For a long time, I couldn’t understand why. I even tried to dim my light and make myself smaller when around them to make them feel more comfortable (and for me to feel more accepted).
Then one day it occurred to me:
Real friends would be supporting me. I wouldn’t have to downplay myself around them because I know they’d be happy for my success.
So the moral of the story is to stay away from jealous people. They’ll only play on your insecurities and make you feel crap about yourself.
8) The Manipulators
When you’re on a mission to be successful in life, you need to surround yourself with people who are honest and supportive.

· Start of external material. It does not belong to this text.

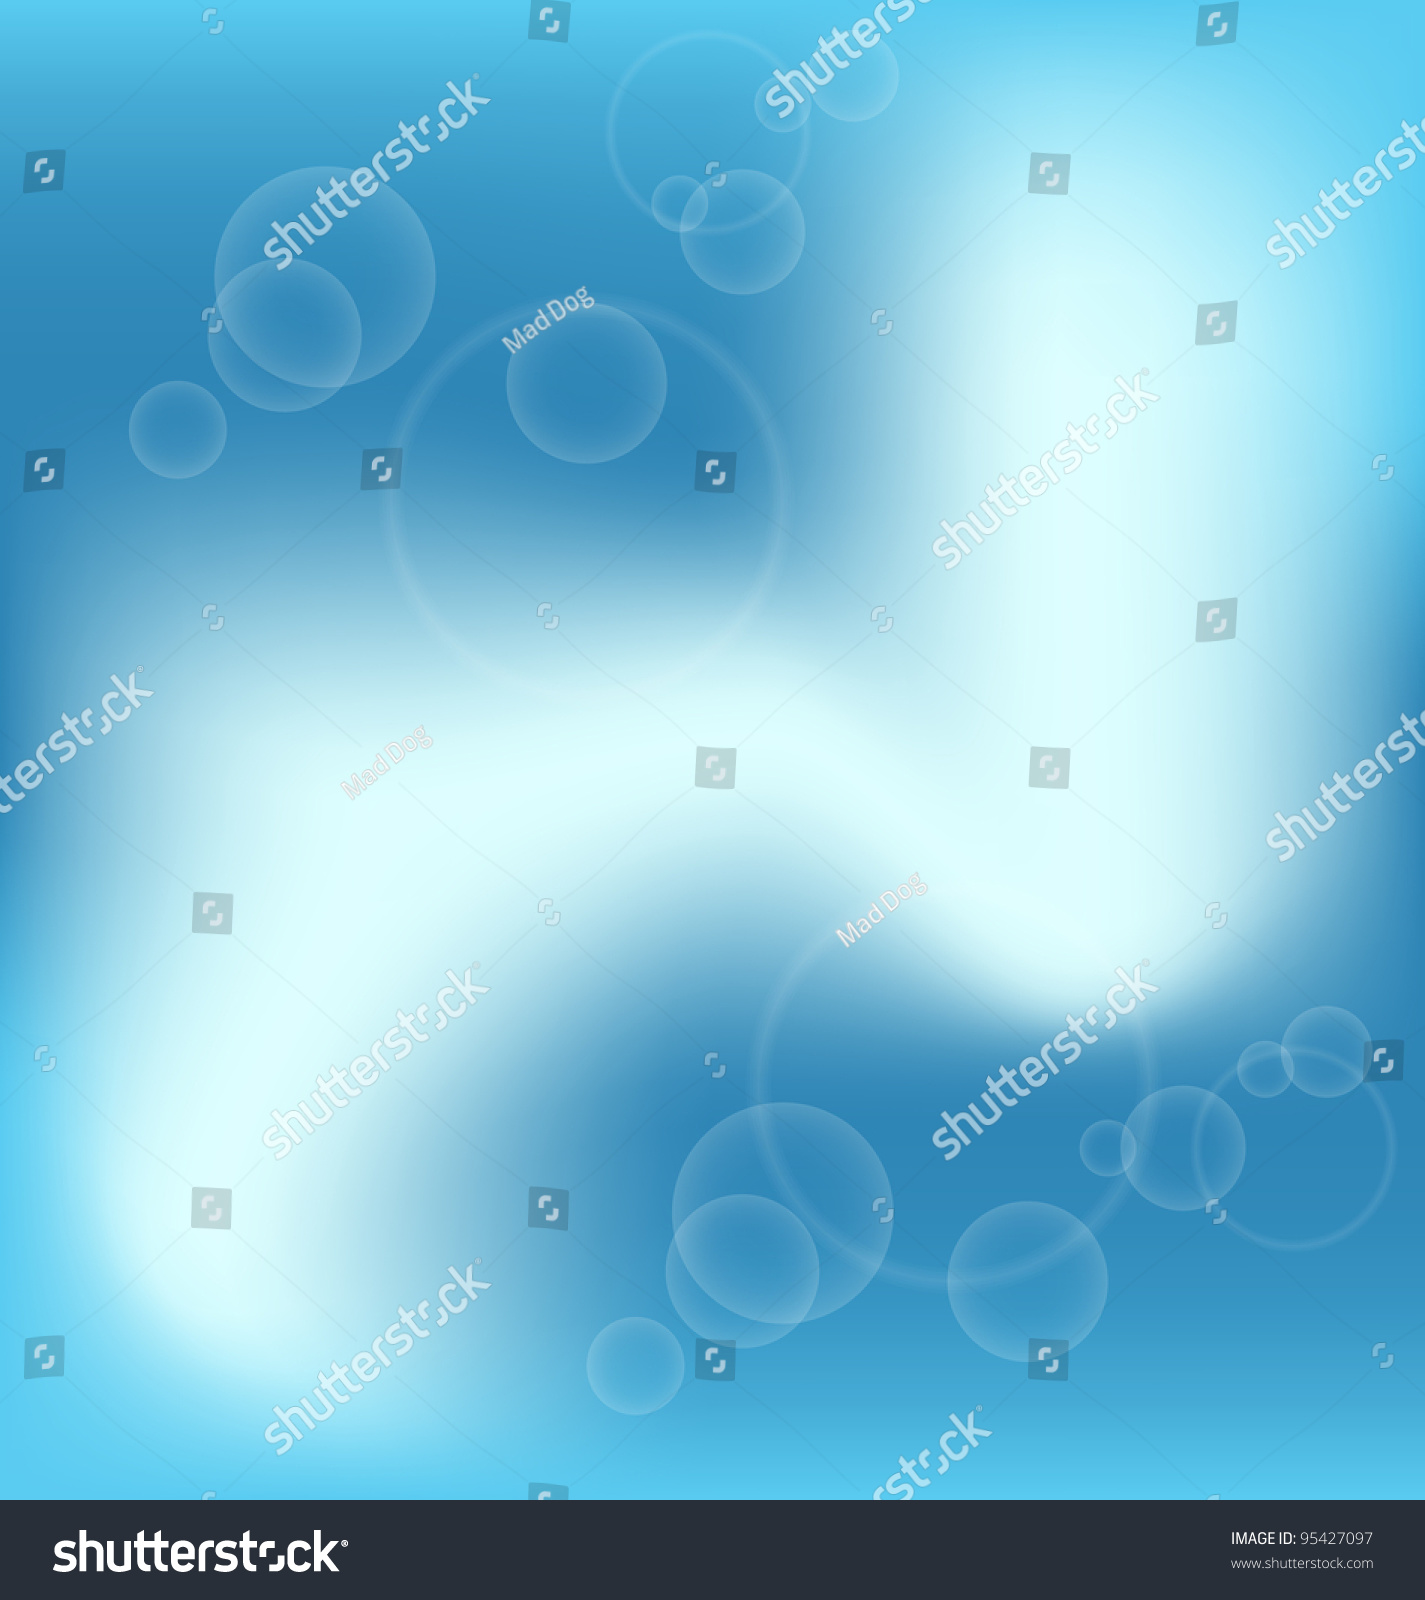 Illustration abstract blue light background for design business card - vector #95427097

Basically, the opposite of manipulators.
People like this only think about themselves, and best believe that they’ll do whatever it takes to get what they want. Including using other people.
So what does that mean for you?
Well, you’ll be surrounded by deceit. You’ll be distracted. You’ll be pushed into doing things that don’t necessarily serve you or help you reach your goals.

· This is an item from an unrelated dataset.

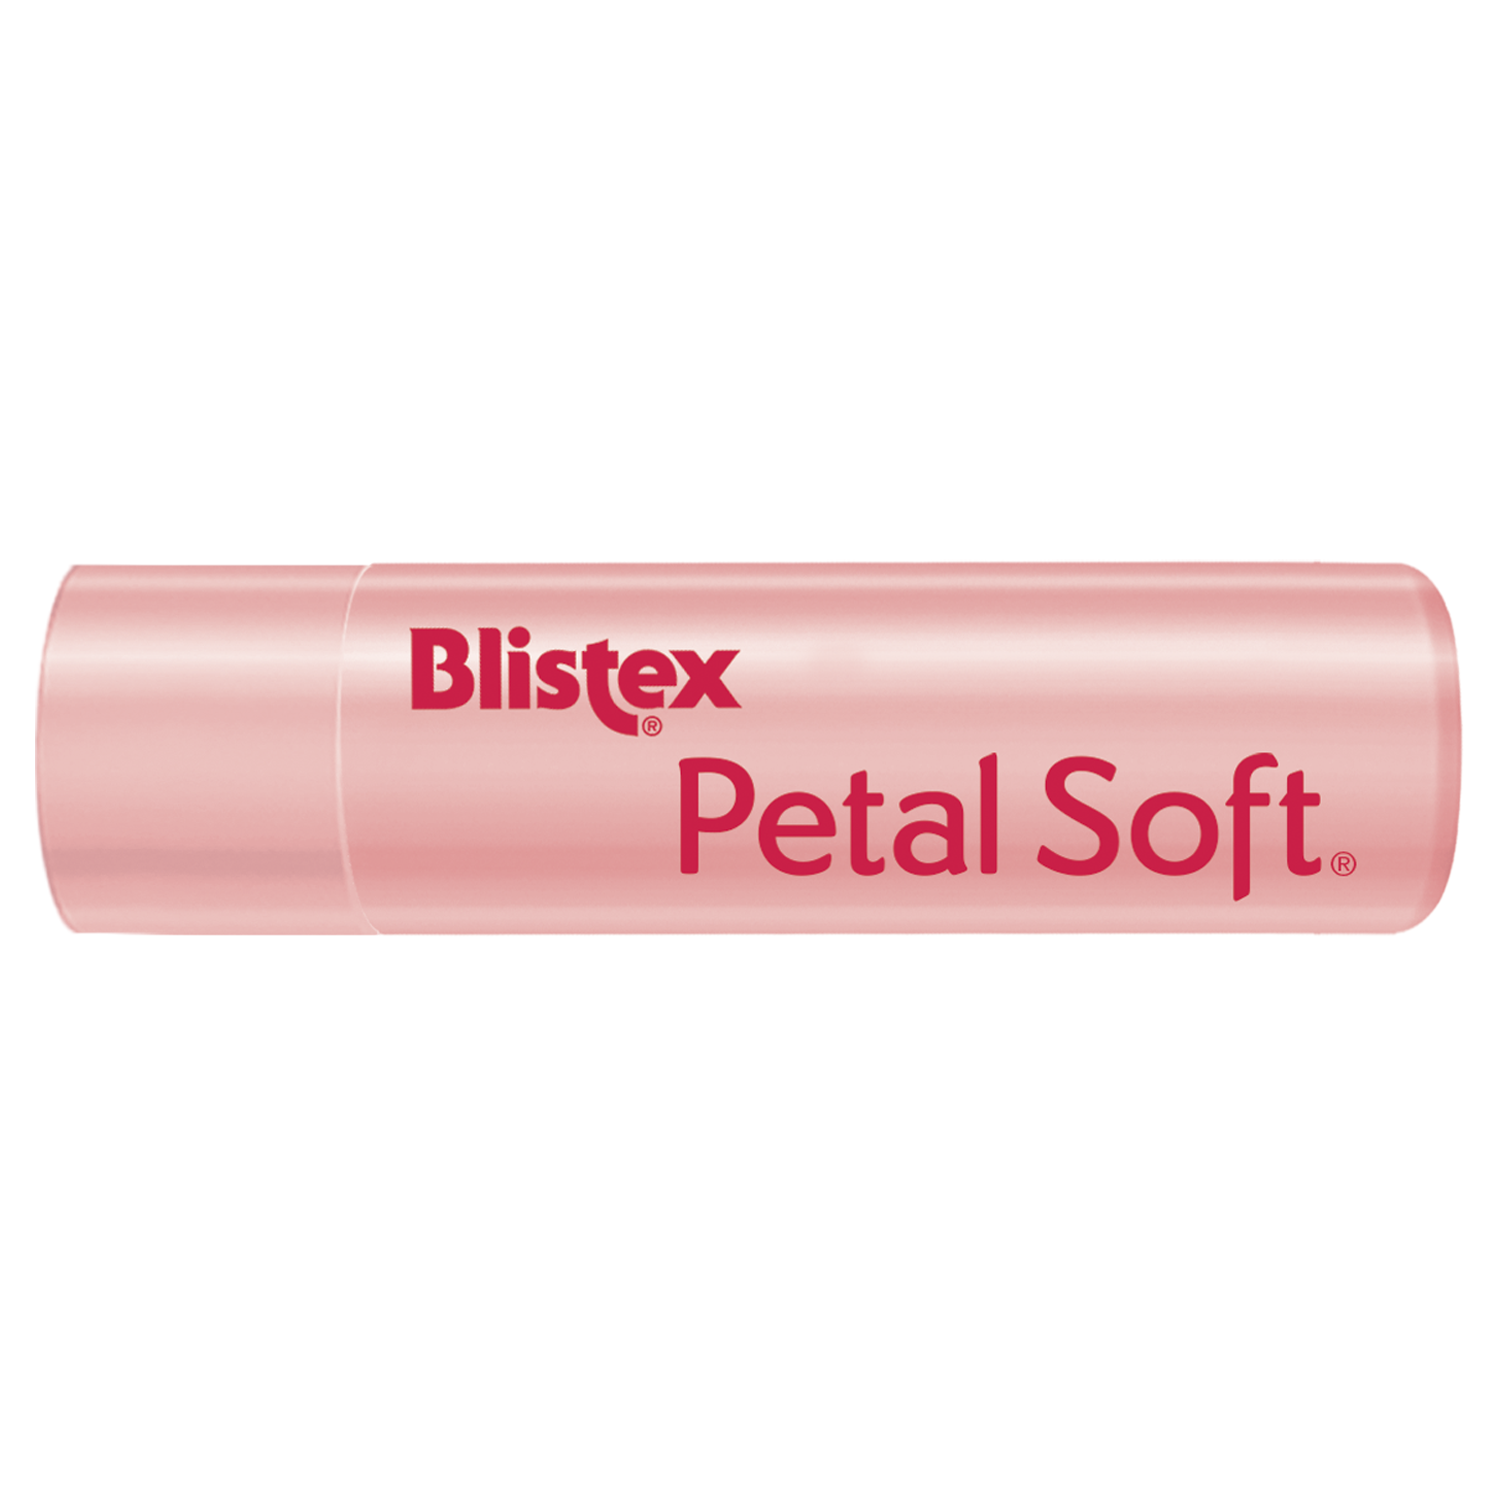 Blistex Petal Soft Lip Balm with Natural Flower Extracts - image 4 of 4

It can take ages to overcome manipulation and heal from it, which is something you don’t need when trying to focus on your future.
9) The Unreliable
Very few people achieve success all by themselves.
Most need the support and help of those around them – whether it’s moral support, babysitting the kids, giving guidance, or physically lending a hand.
So if the people around you are unreliable, you’ll miss out on all the above.
You’ll try to lean on them (as they’ve done with you, no doubt) only to find that they’ll perpetually let you down.
And while this might not stop you from reaching your goal in the end, it can make life harder.
Not to mention, you’ll have to deal with the emotional turmoil of being disappointed in those around you because they can’t keep their word and follow through.
10) The Judgmental
And finally, avoid judgmental people.
The only thing they’re good for is making you feel self-conscious about your decisions. This can stop you from stepping out of your comfort zone.
Instead, you need people who are bold and daring (but not reckless). People who are open-minded and who will challenge you in a good way.
Ultimately, while avoiding the people I’ve mentioned in this article is a great starting point, the next thing you need to consider is who you actually surround yourself with.
Go for the people who have your best interests at heart. The ones who are always honest with you and always there for you.
And make sure you hang out with people who you aspire to be like – if you’re the smartest in the room, you’re in the wrong room.